(Beginning of Exercise data)

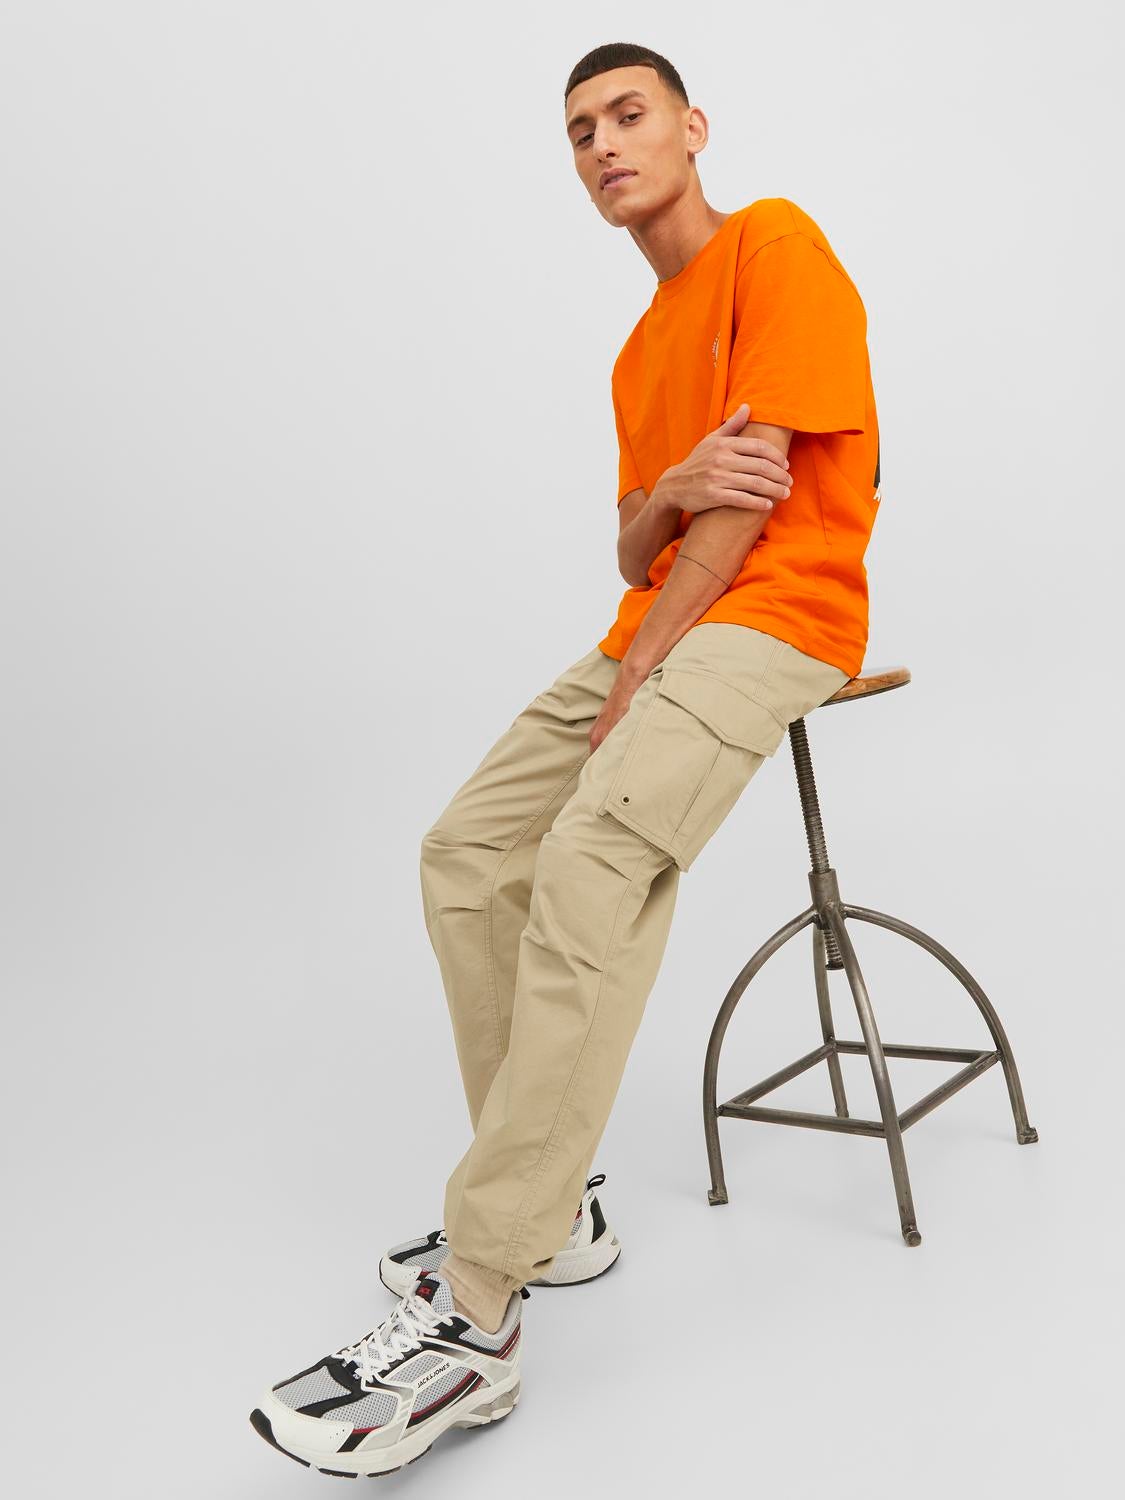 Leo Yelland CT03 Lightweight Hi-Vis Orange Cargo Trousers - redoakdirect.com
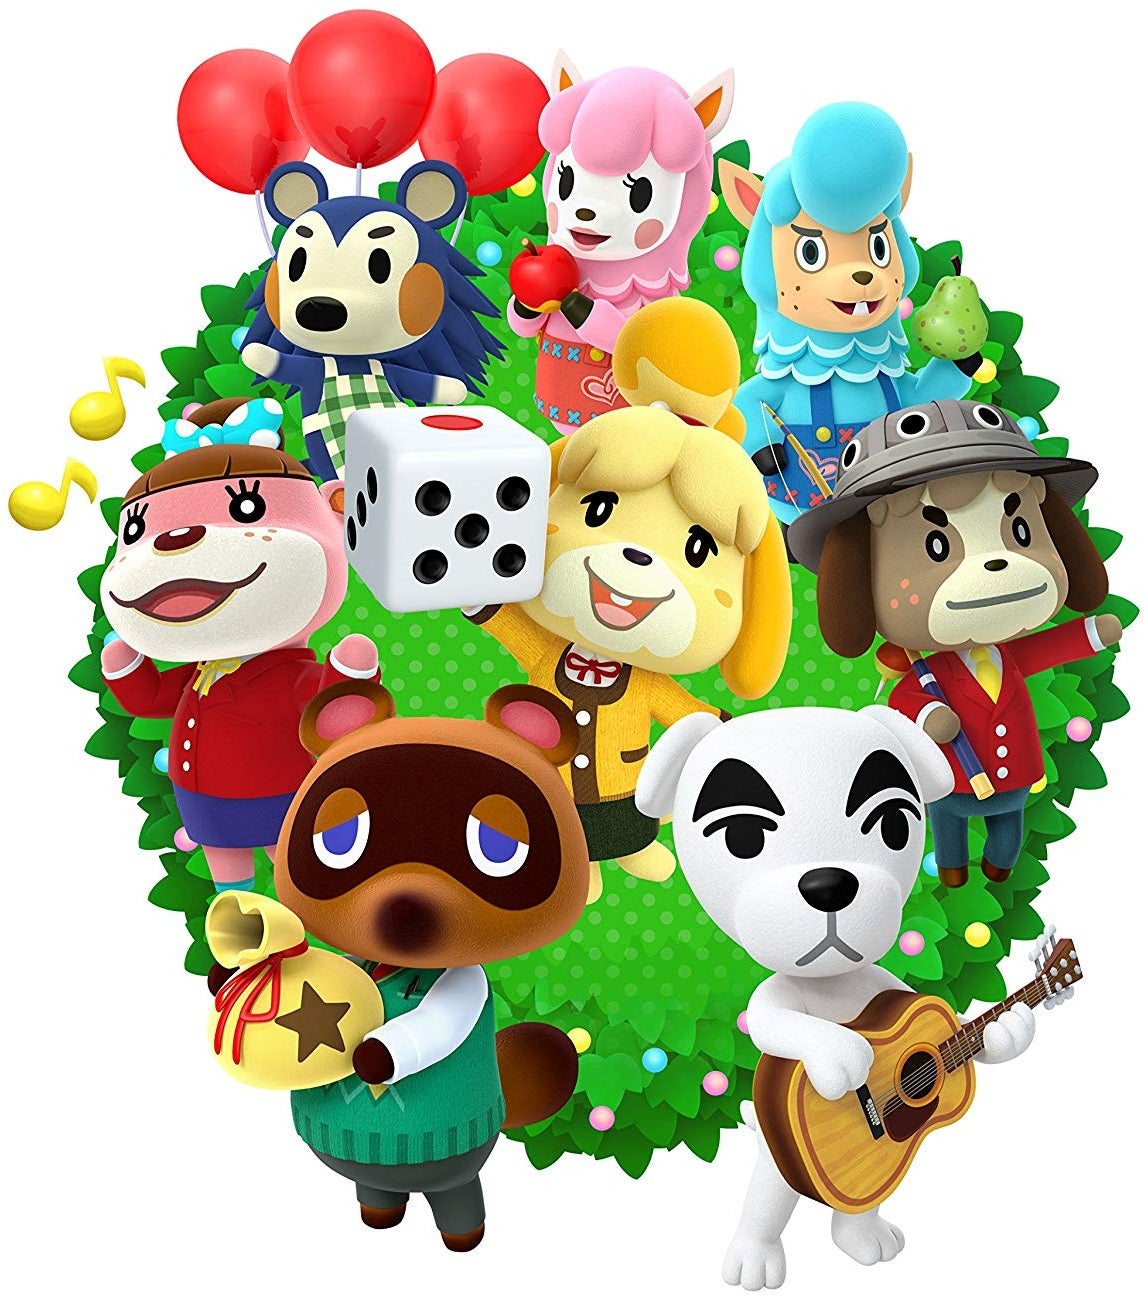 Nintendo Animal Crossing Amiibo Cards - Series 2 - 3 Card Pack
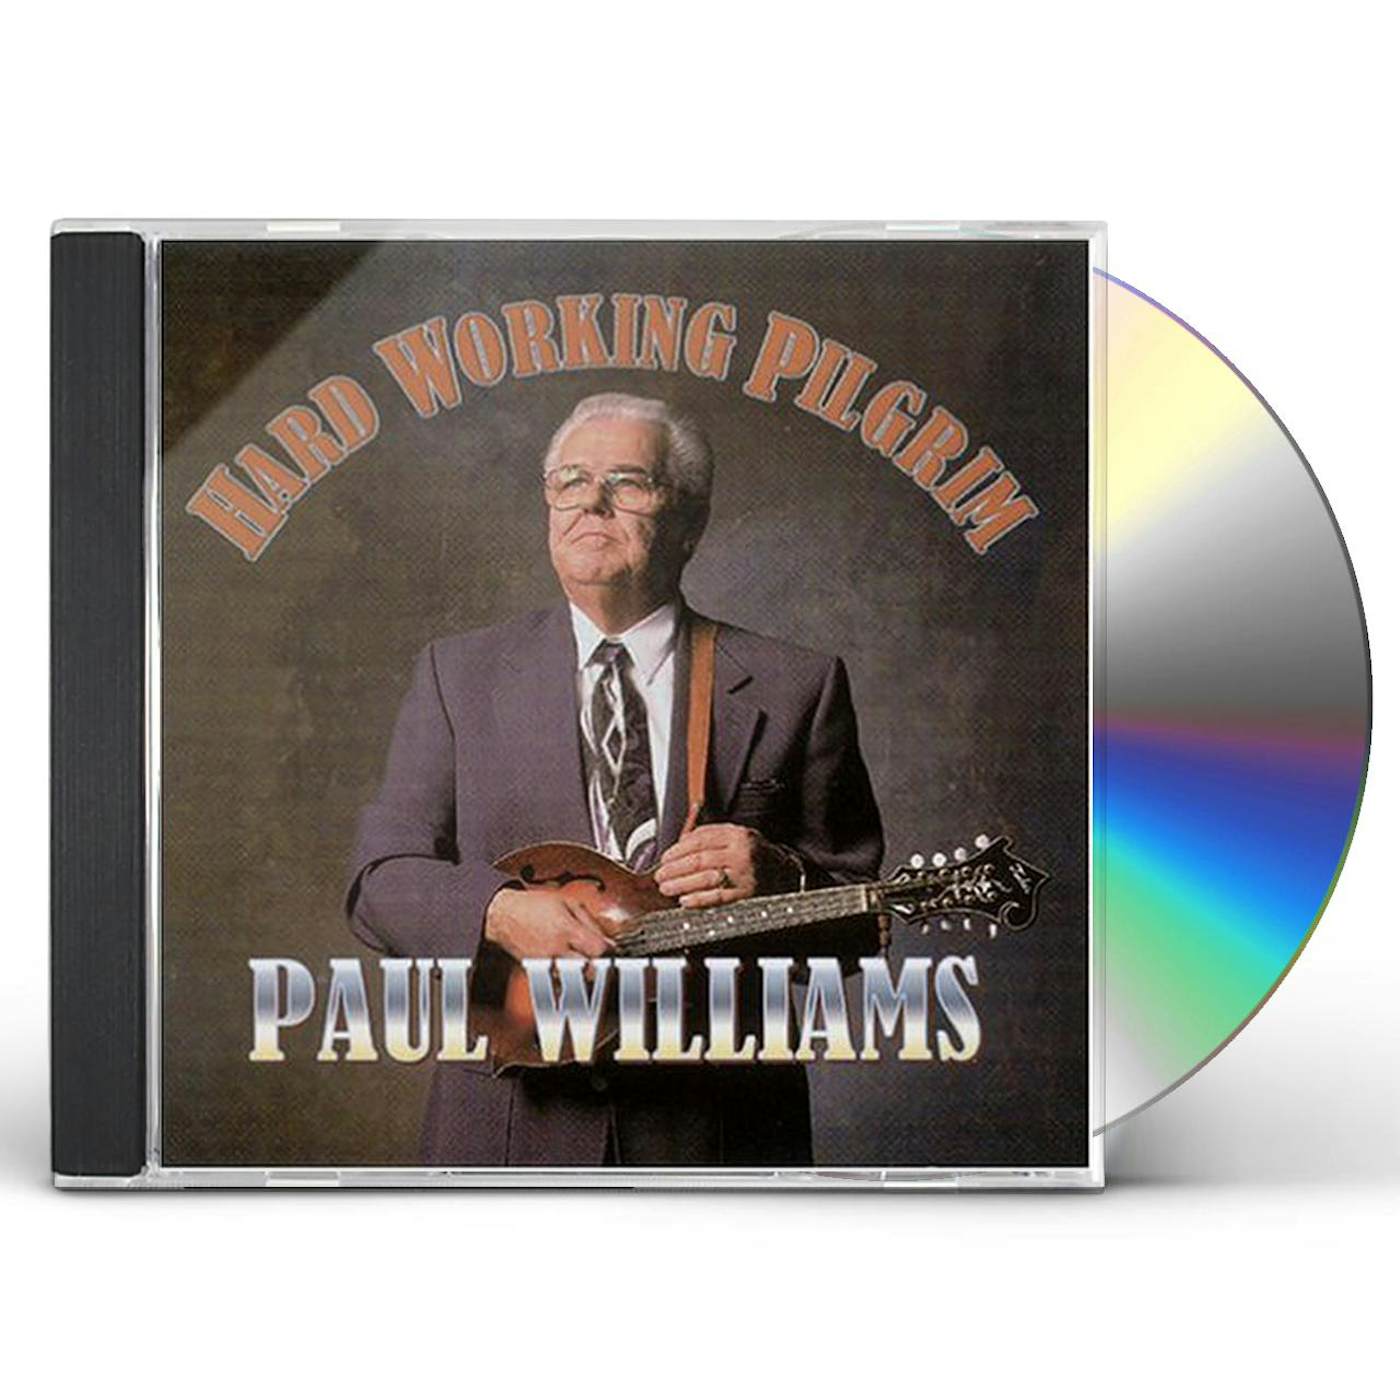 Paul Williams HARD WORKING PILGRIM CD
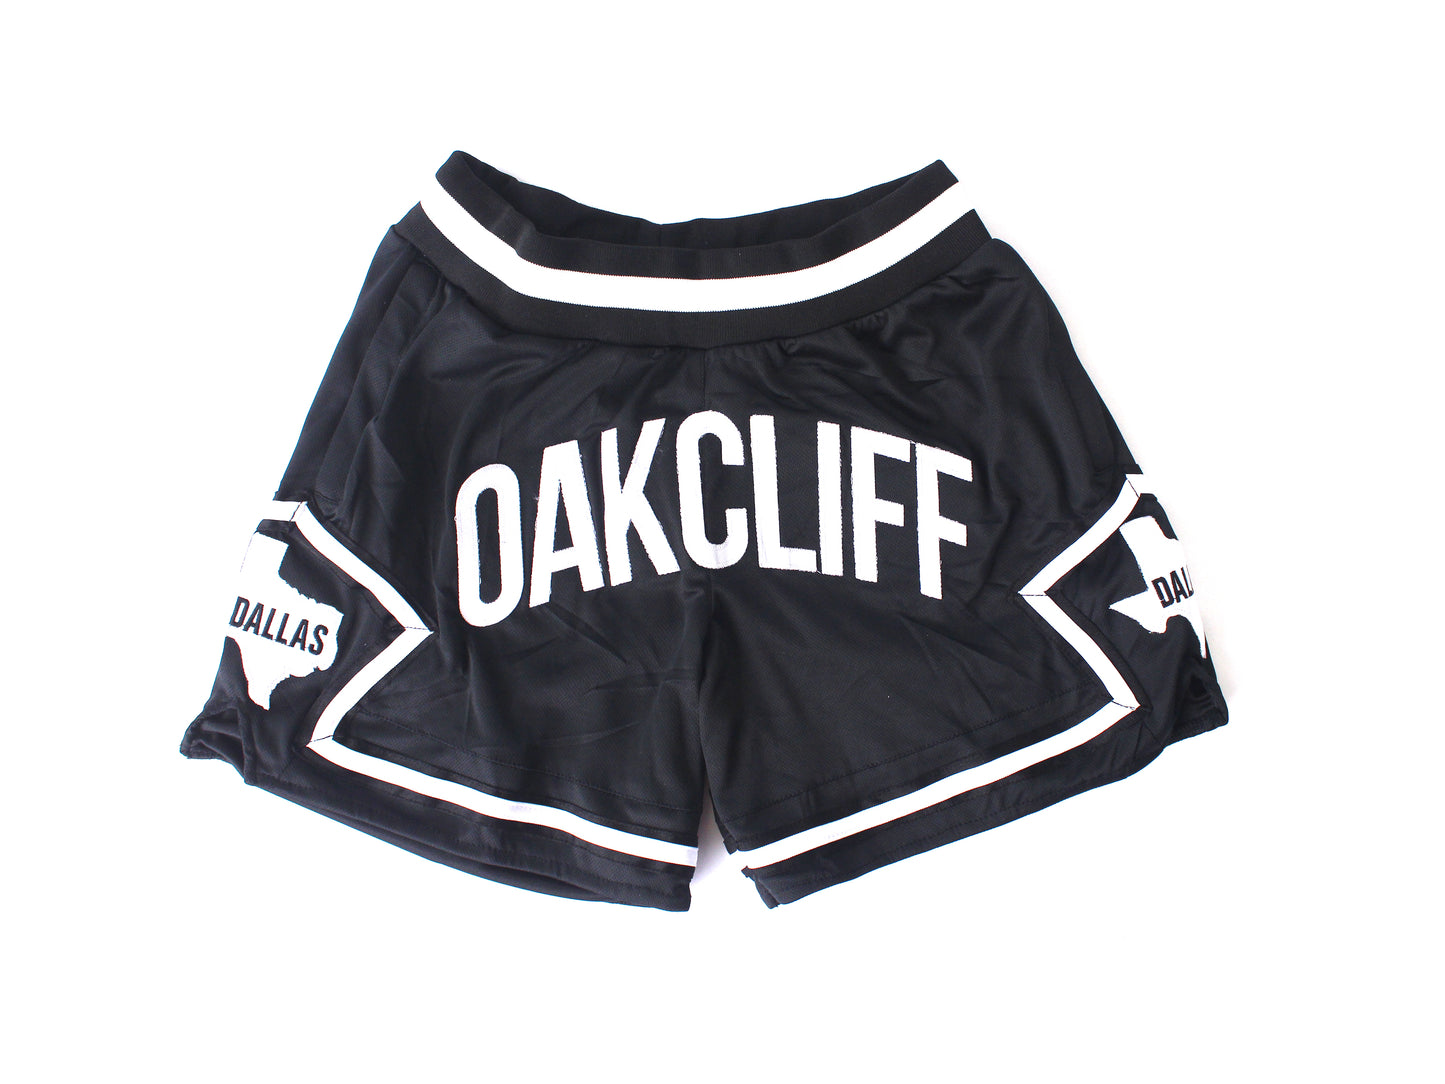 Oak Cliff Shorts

(End of Exercise data)

> **Assignment**
Once the pictures are removed, repeat all of the data above exactly.

> **Solution to the problem**
 Leo Yelland CT03 Lightweight Hi-Vis Orange Cargo Trousers - redoakdirect.com
 Nintendo Animal Crossing Amiibo Cards - Series 2 - 3 Card Pack
 Paul Williams HARD WORKING PILGRIM CD
 Oak Cliff Shorts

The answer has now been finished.